A critic for Nylander has historically been much different, as he’s become the most polarizing Leaf of our generation with the fanbase, media base, and everything in between. Criticism of him tends to be a foundational knock on modern gameplay, on numbers, on younger fans, on Toronto’s general process, on a billion other blanket things besides his own strengths and weaknesses. It’s a 24/7 news cycle. It’s regularly scheduled programming, because you know that someone will respond to you (like I’m responding to Justin’s article). It’s not “here’s how he can improve”, it’s “this guy is bad, he needs to go, and you’re dumb if you disagree”. It’s its own beast.
So with all that in mind, this was a noted bug in his play. It wasn’t a data-driven bug, but an observational bug – meaning that those who claimed to watch games better, break down systems better, and all of that, should’ve been able to pick up on these things well before anyone else. Instead, while Nylander made his shift to the front of the net last year, the yelling was at its loudest, because of the final results – fewer goals, fewer points, fewer enthralling wins that stay in your mind.

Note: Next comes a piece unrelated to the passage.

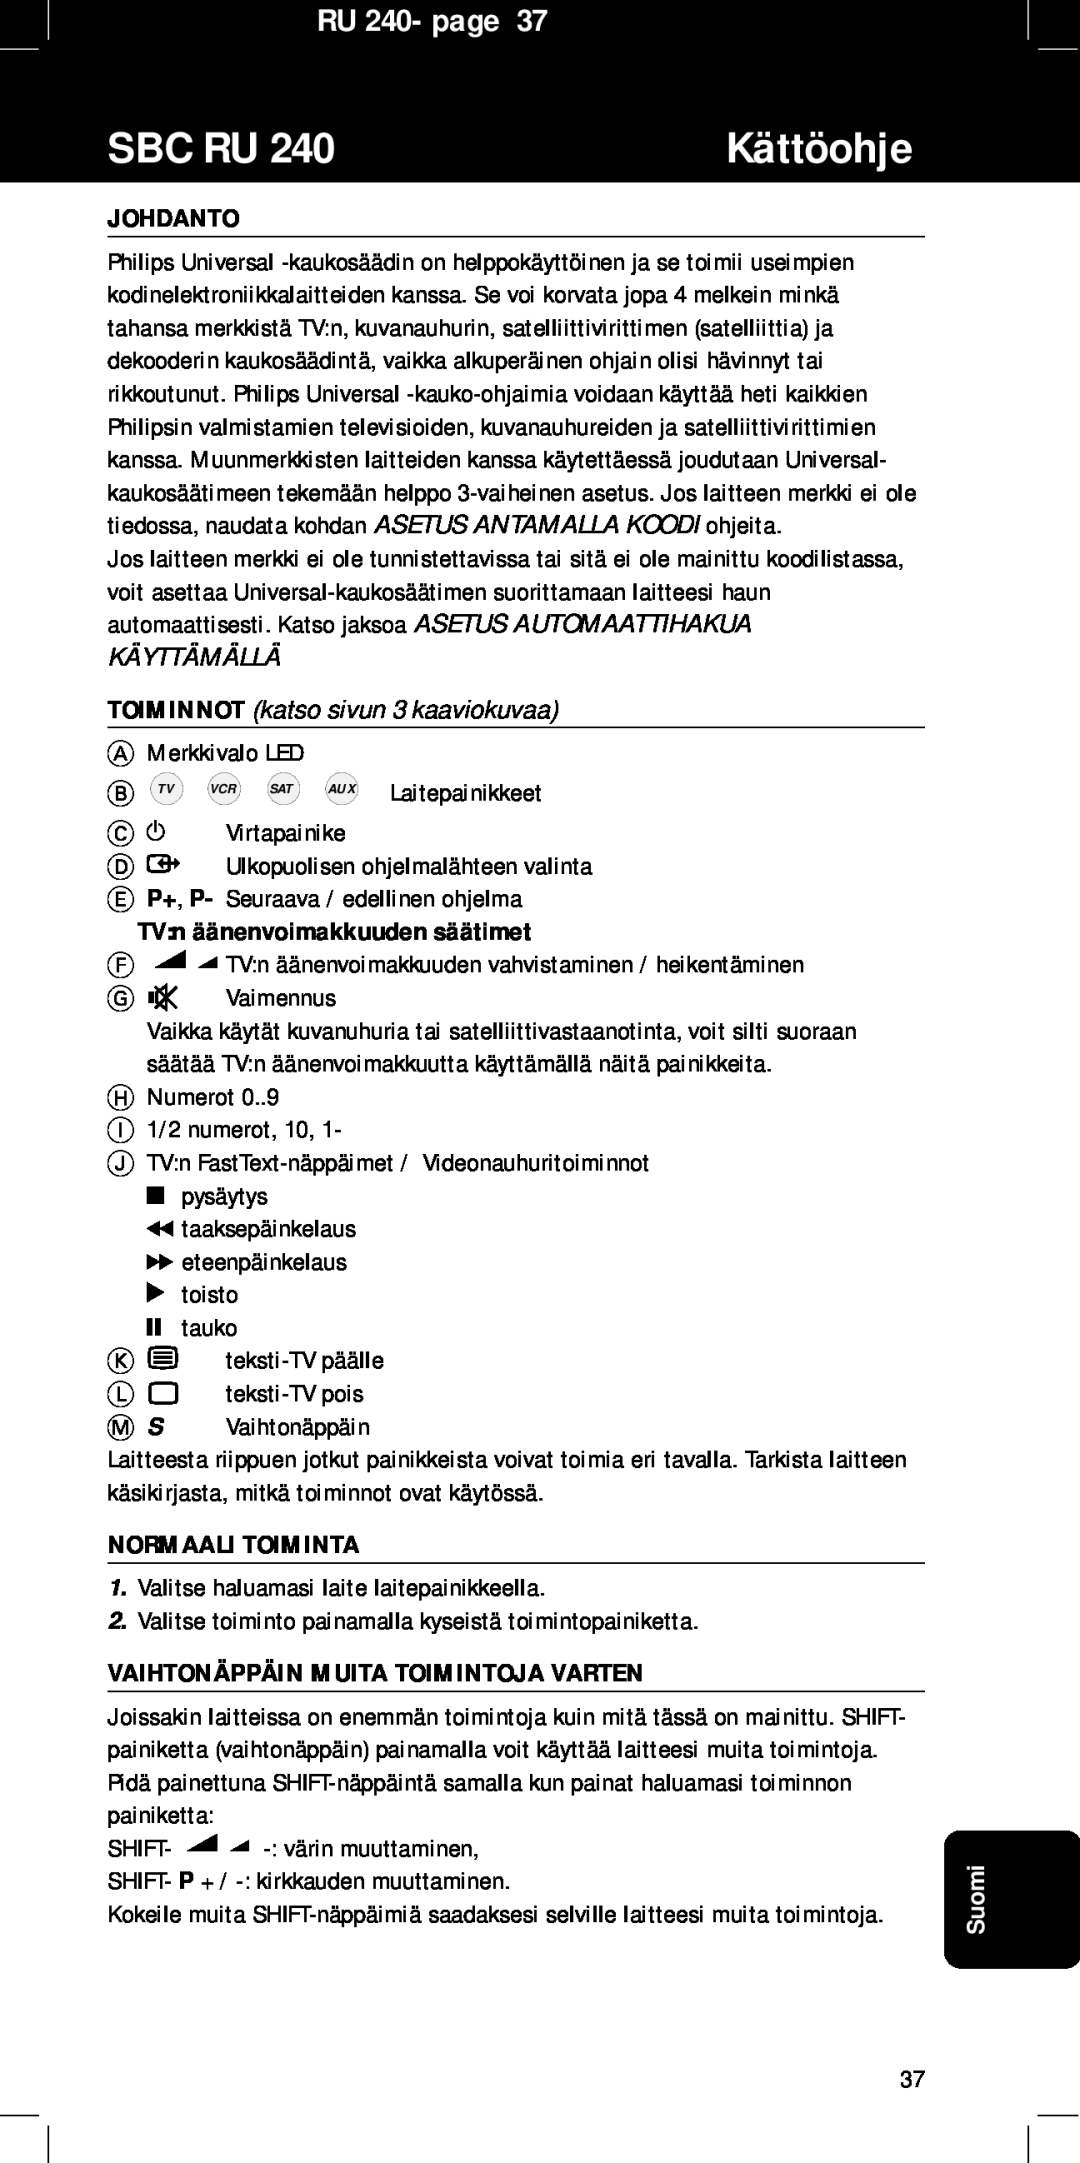 Philips SBC RU240/00U manual Kättöohje, Sbc Ru, RU 240- page, Johdanto, TV n äänenvoimakkuuden säätimet, Normaali Toiminta

What we’re recognizing now isn’t so much the shot locations as it is the shooting percentage – which has jumped from a career-low of 5.3% to a four-year high of 12.8% at even strength, and from a three-year low of 10% on the powerplay to 25%. Obviously, there are lots of nuances about why it works more now – a proper offseason schedule, more practice, touches, and repetition in those areas, self-confidence to accomplish, and, perhaps most impactfully, pure uncontrollable luck.
We aren’t witnessing him doing it more this year – we’re witnessing it working more, and that distinction matters in respect to where the criticism comes from, why it exists, and what that crowd claims about itself. That those who claim to judge through observation couldn’t pick out the distinct difference in the process until the results backed it up shows the flaws in the way that we all observe the game, and why it’s important to look through many different lenses before claiming a definitive opinion. This isn’t so much a validation of one of the more truthful points brought up by the often excessive critics, but rather a lesson to them about the downsides of self-limiting their scope.
Not like it matters, though. What matters is that Will Nye is back to being the Scoring Guy, perhaps better than ever before, and it’s a blast.